Senator John McCain, for example, noted that his primary lesson was “the need for a complete overhaul of the U.S. approach to stabilization and reconstruction operations,” and USAID administrator Dr. Rajiv Shah spoke about the failure of coordination between U.S. civilian and military entities rather than U.S. coordination with Iraqi counterparts. In contrast, Prime Minister Nouri al-Maliki’s principal statement was that failures stemmed from “poor American knowledge about what Iraq needed.” While there is some overlap between these two broad narratives, it is vital to recognize that Iraq and the United States have very different ideas about the core errors of the American occupation of Iraq.

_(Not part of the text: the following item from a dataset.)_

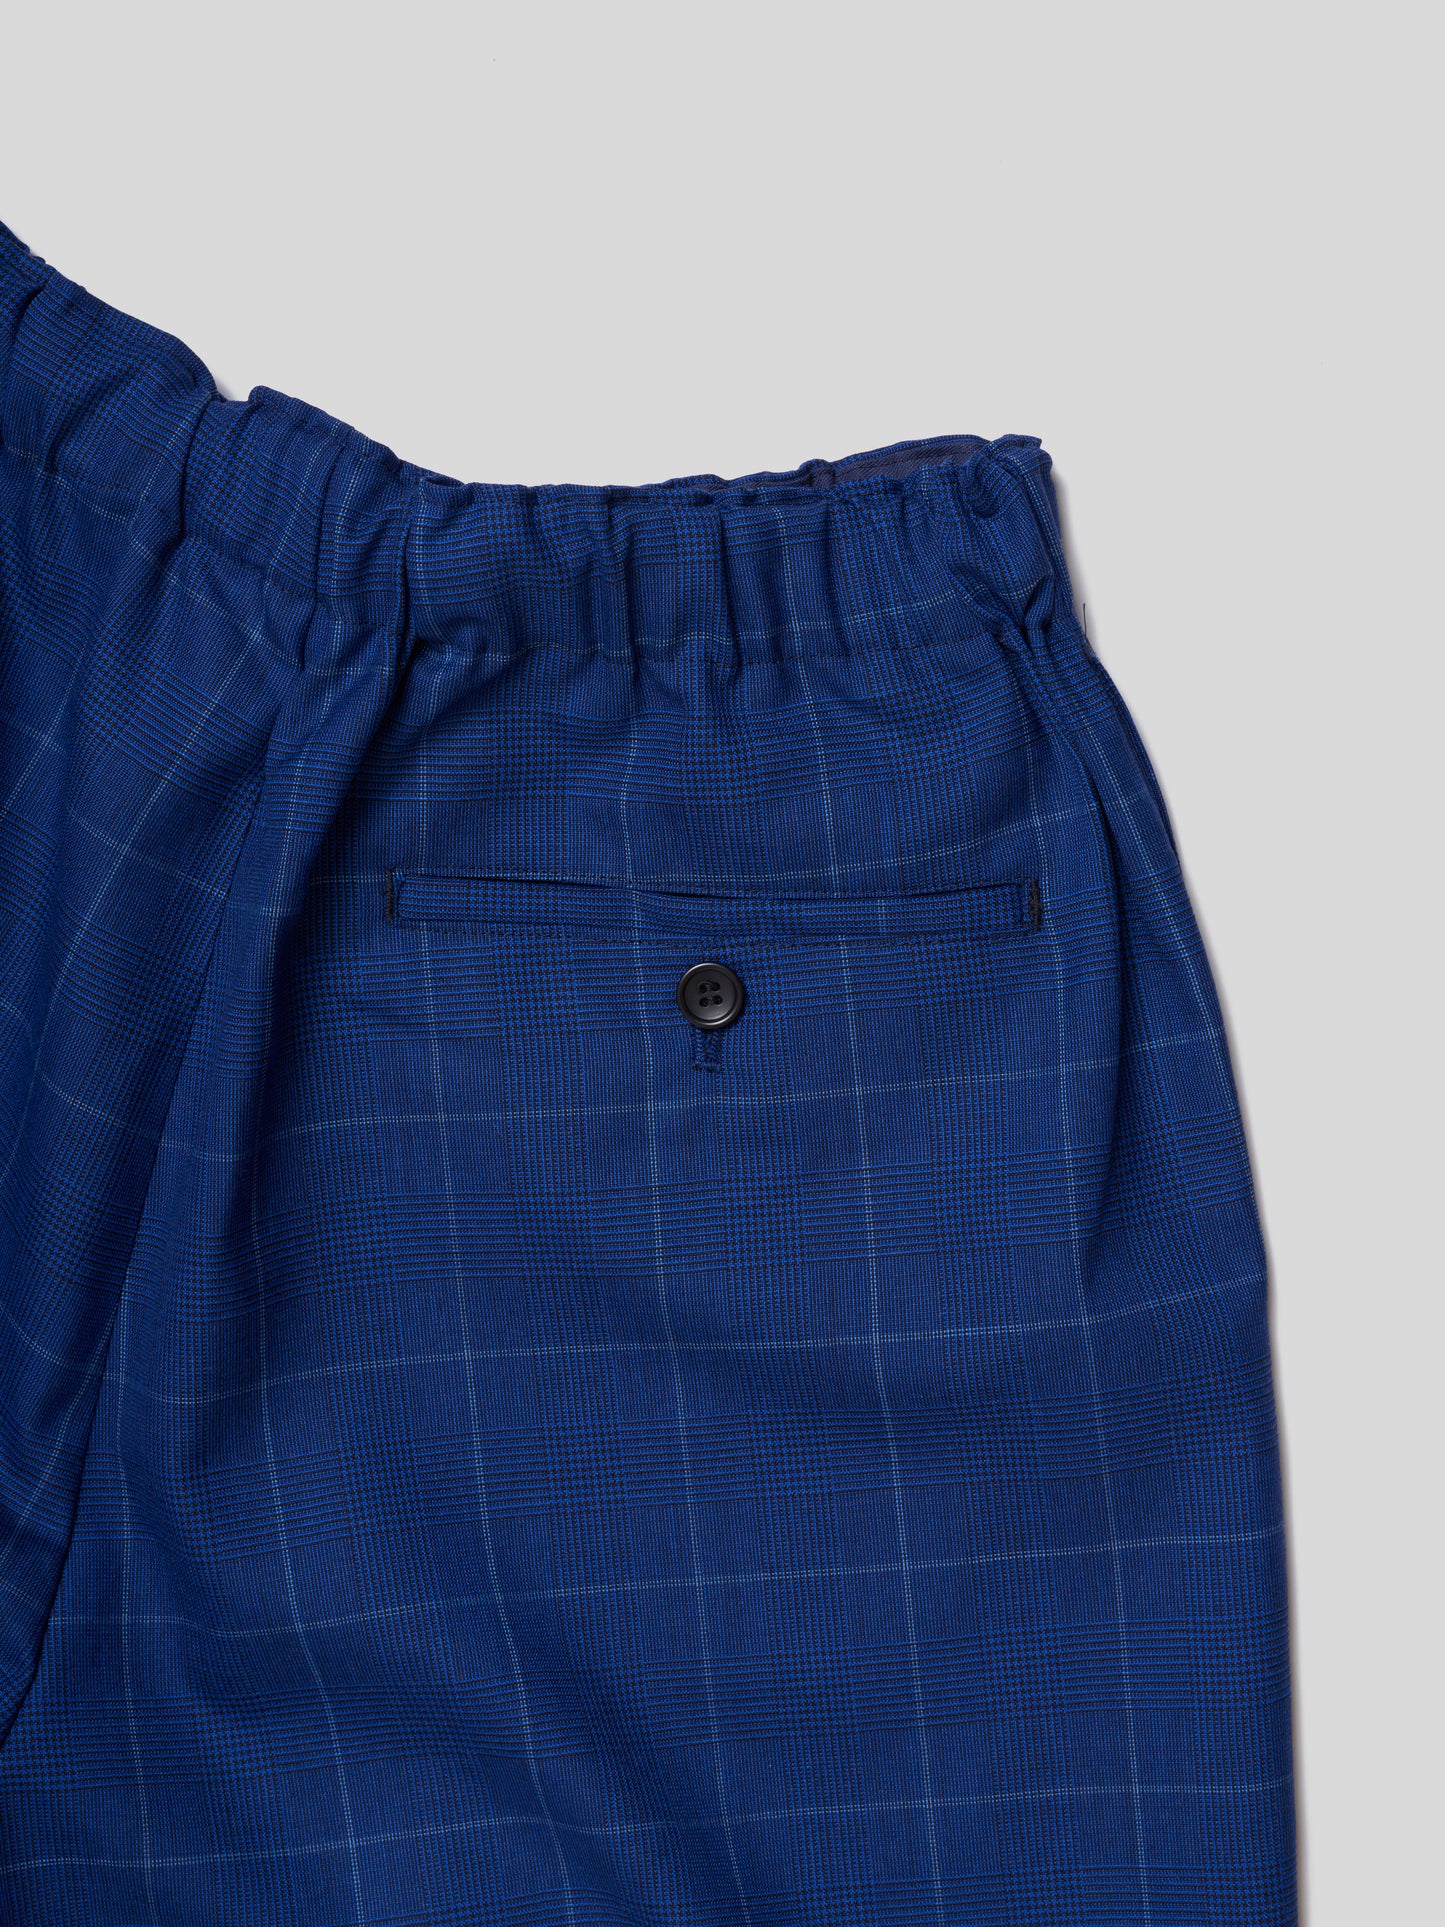 TRAINER SHORTS/ BLUE CHECK

This lack of productive communication on the part of the Americans is also illustrated in the format of the report itself. For instance, those interviewed occupied high level positions. On the Iraq side, interviewees were at the level of national government. The American interviewees were similarly placed as ambassadors, generals, and mission directors. While the sentiments expressed in the interviews correlate with experiences of this author while implementing non-governmental development programs in Anbar Province in 2007-2008 and again in 2010, and with thoughts expressed by civil society leaders during those tours, if the United States is to gain a clearer picture of what went right and wrong, future investigations should call on individuals from lower levels of society. This is particularly true in a country such as Iraq, which often displays startlingly large divides between national and local narratives. Of course, talking to Iraq’s district level leaders and civil society organizers during such a mission would make even more sense than adding them to the roster of interviewees post-occupation.

For example, procuring perceptions from district level Iraqi sources on what exactly needed rebuilding and how to go about it would have been particularly beneficial. Because the SIGIR report, like many reports and publications on the subject of assistance, fails to specifically define reconstruction funding, the term includes everything from equipping security forces to rebuilding electrical infrastructure to creating civil society programs. This conflation was also true on the ground, and as a result local knowledge was needed to muddle through the specificities.

Perhaps the most apt example of this problem was the much-maligned Fallujah water treatment plant—a massive construction project designed to serve far more people than actually lived within its intended range and with no infrastructure to carry it out. It was poorly constructed due to the United States hiring contractors that Iraqi interviewees stated should have been avoided, and it was ultimately left unfinished. The plant has become synonymous in the minds of Iraqis with avoidable blunders. Instead of its intended effect, it served to convince the population that America was simply not paying attention.

Through SIGIR report material, we thus see that the United States needs to alter its policy such that the design of reconstruction efforts is driven not by U.S. commanders but through better consultation with local leadership and civil society. As such, the design and execution of programming and strategy in reconstruction must be driven by the host country, not by the intervening government—at the very least, far more deeply than was allowed in this case. To paraphrase the Iraqi interviewees, “if intervention is your intervention as opposed to our intervention, it will fail.” Particularly within divided societies such as that of Iraq, those involved in the efforts must include civil society leaders and local officials as well as national leaders.